→ ACTION ITEM:
Output every line below without omitting or altering anything.

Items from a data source
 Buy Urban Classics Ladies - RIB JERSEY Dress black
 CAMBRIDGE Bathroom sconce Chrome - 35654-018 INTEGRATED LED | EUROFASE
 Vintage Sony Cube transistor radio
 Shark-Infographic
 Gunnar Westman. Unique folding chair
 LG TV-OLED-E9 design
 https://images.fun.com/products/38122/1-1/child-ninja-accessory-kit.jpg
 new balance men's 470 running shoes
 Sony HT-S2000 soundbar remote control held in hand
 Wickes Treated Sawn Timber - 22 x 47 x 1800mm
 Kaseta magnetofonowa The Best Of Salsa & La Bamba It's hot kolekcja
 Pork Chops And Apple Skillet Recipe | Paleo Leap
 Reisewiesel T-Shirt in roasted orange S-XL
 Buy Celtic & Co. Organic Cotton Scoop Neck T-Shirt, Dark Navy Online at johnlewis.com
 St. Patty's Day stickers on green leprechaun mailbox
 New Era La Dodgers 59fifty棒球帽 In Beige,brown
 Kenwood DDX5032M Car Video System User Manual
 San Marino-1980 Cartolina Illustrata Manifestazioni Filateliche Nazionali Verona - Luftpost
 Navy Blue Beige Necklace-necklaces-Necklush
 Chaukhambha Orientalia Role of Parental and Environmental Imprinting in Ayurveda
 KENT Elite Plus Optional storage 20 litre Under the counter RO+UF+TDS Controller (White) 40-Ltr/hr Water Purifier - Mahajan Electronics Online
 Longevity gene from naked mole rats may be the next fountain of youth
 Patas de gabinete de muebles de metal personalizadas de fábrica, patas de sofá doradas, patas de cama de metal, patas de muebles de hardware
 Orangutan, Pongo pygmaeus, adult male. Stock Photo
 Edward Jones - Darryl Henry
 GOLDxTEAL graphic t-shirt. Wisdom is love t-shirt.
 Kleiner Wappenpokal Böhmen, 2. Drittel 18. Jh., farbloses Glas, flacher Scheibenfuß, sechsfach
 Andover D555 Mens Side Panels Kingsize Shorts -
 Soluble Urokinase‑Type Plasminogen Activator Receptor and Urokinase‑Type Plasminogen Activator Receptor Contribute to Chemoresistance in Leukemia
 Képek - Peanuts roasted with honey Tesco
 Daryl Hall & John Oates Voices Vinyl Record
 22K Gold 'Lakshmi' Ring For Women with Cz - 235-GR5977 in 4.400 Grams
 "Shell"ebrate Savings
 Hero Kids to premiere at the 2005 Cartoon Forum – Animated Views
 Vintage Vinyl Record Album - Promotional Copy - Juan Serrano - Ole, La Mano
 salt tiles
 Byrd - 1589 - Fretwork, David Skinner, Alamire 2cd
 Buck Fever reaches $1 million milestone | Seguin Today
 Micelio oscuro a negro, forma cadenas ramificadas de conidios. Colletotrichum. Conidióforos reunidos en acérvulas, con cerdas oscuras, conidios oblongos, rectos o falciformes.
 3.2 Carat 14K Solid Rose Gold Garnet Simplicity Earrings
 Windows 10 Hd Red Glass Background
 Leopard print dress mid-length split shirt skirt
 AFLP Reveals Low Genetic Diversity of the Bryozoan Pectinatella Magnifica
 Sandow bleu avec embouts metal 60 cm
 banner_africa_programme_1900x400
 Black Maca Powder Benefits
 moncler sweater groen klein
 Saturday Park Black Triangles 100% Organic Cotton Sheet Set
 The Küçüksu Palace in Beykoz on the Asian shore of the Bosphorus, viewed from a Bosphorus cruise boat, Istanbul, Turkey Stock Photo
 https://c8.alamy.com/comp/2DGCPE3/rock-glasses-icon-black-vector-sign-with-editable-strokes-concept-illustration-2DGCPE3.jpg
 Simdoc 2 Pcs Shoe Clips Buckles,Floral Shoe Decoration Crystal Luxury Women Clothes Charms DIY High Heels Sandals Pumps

→ RESPONSE BELOW:
 Buy Urban Classics Ladies - RIB JERSEY Dress black
 CAMBRIDGE Bathroom sconce Chrome - 35654-018 INTEGRATED LED | EUROFASE
 Vintage Sony Cube transistor radio
 Shark-Infographic
 Gunnar Westman. Unique folding chair
 LG TV-OLED-E9 design
 https://images.fun.com/products/38122/1-1/child-ninja-accessory-kit.jpg
 new balance men's 470 running shoes
 Sony HT-S2000 soundbar remote control held in hand
 Wickes Treated Sawn Timber - 22 x 47 x 1800mm
 Kaseta magnetofonowa The Best Of Salsa & La Bamba It's hot kolekcja
 Pork Chops And Apple Skillet Recipe | Paleo Leap
 Reisewiesel T-Shirt in roasted orange S-XL
 Buy Celtic & Co. Organic Cotton Scoop Neck T-Shirt, Dark Navy Online at johnlewis.com
 St. Patty's Day stickers on green leprechaun mailbox
 New Era La Dodgers 59fifty棒球帽 In Beige,brown
 Kenwood DDX5032M Car Video System User Manual
 San Marino-1980 Cartolina Illustrata Manifestazioni Filateliche Nazionali Verona - Luftpost
 Navy Blue Beige Necklace-necklaces-Necklush
 Chaukhambha Orientalia Role of Parental and Environmental Imprinting in Ayurveda
 KENT Elite Plus Optional storage 20 litre Under the counter RO+UF+TDS Controller (White) 40-Ltr/hr Water Purifier - Mahajan Electronics Online
 Longevity gene from naked mole rats may be the next fountain of youth
 Patas de gabinete de muebles de metal personalizadas de fábrica, patas de sofá doradas, patas de cama de metal, patas de muebles de hardware
 Orangutan, Pongo pygmaeus, adult male. Stock Photo
 Edward Jones - Darryl Henry
 GOLDxTEAL graphic t-shirt. Wisdom is love t-shirt.
 Kleiner Wappenpokal Böhmen, 2. Drittel 18. Jh., farbloses Glas, flacher Scheibenfuß, sechsfach
 Andover D555 Mens Side Panels Kingsize Shorts -
 Soluble Urokinase‑Type Plasminogen Activator Receptor and Urokinase‑Type Plasminogen Activator Receptor Contribute to Chemoresistance in Leukemia
 Képek - Peanuts roasted with honey Tesco
 Daryl Hall & John Oates Voices Vinyl Record
 22K Gold 'Lakshmi' Ring For Women with Cz - 235-GR5977 in 4.400 Grams
 "Shell"ebrate Savings
 Hero Kids to premiere at the 2005 Cartoon Forum – Animated Views
 Vintage Vinyl Record Album - Promotional Copy - Juan Serrano - Ole, La Mano
 salt tiles
 Byrd - 1589 - Fretwork, David Skinner, Alamire 2cd
 Buck Fever reaches $1 million milestone | Seguin Today
 Micelio oscuro a negro, forma cadenas ramificadas de conidios. Colletotrichum. Conidióforos reunidos en acérvulas, con cerdas oscuras, conidios oblongos, rectos o falciformes.
 3.2 Carat 14K Solid Rose Gold Garnet Simplicity Earrings
 Windows 10 Hd Red Glass Background
 Leopard print dress mid-length split shirt skirt
 AFLP Reveals Low Genetic Diversity of the Bryozoan Pectinatella Magnifica
 Sandow bleu avec embouts metal 60 cm
 banner_africa_programme_1900x400
 Black Maca Powder Benefits
 moncler sweater groen klein
 Saturday Park Black Triangles 100% Organic Cotton Sheet Set
 The Küçüksu Palace in Beykoz on the Asian shore of the Bosphorus, viewed from a Bosphorus cruise boat, Istanbul, Turkey Stock Photo
 https://c8.alamy.com/comp/2DGCPE3/rock-glasses-icon-black-vector-sign-with-editable-strokes-concept-illustration-2DGCPE3.jpg
 Simdoc 2 Pcs Shoe Clips Buckles,Floral Shoe Decoration Crystal Luxury Women Clothes Charms DIY High Heels Sandals Pumps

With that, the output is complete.